● Activity:
Further down are entries; set down exactly and only the lines from the one with "kubur paling tinggi" up to and including the one with "Unsere Hoffnung ist dasKreuz", dropping each picture.

● Exercise data:
----

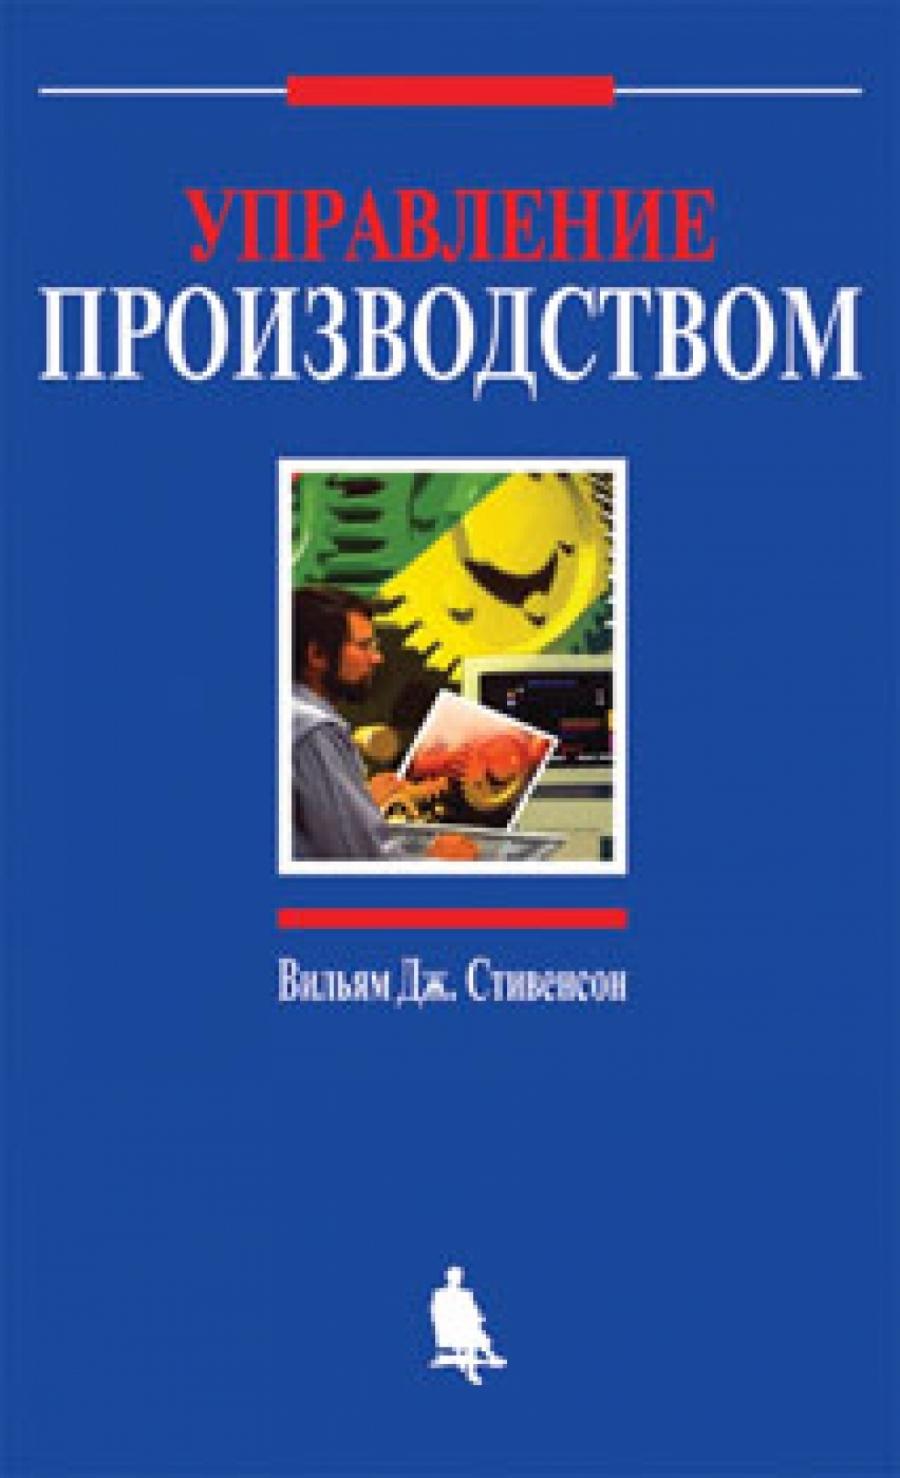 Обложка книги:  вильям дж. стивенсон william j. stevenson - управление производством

----

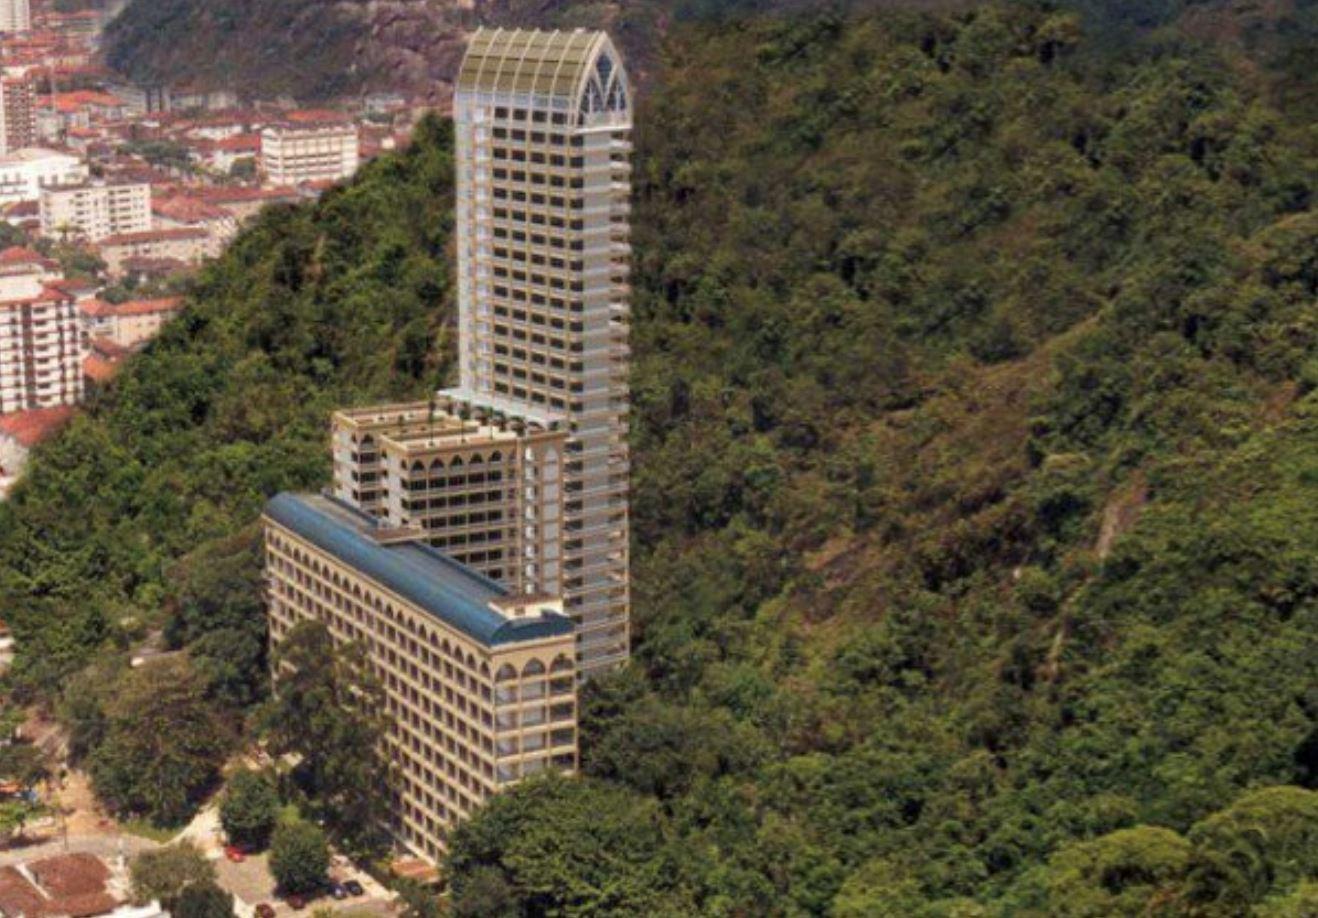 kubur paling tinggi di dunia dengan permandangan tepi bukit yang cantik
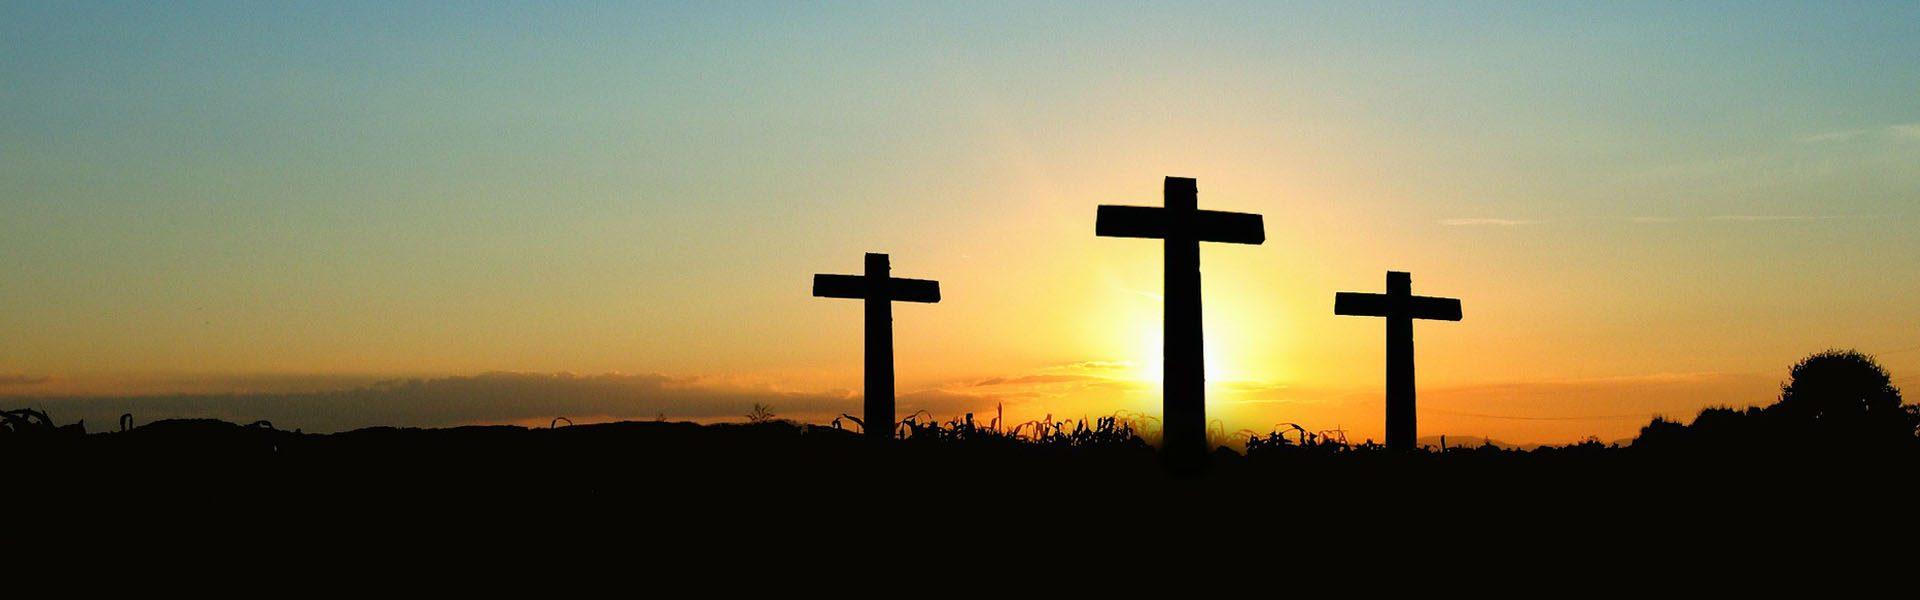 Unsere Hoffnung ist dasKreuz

----

● Response to this task:
 kubur paling tinggi di dunia dengan permandangan tepi bukit yang cantik
 Unsere Hoffnung ist dasKreuz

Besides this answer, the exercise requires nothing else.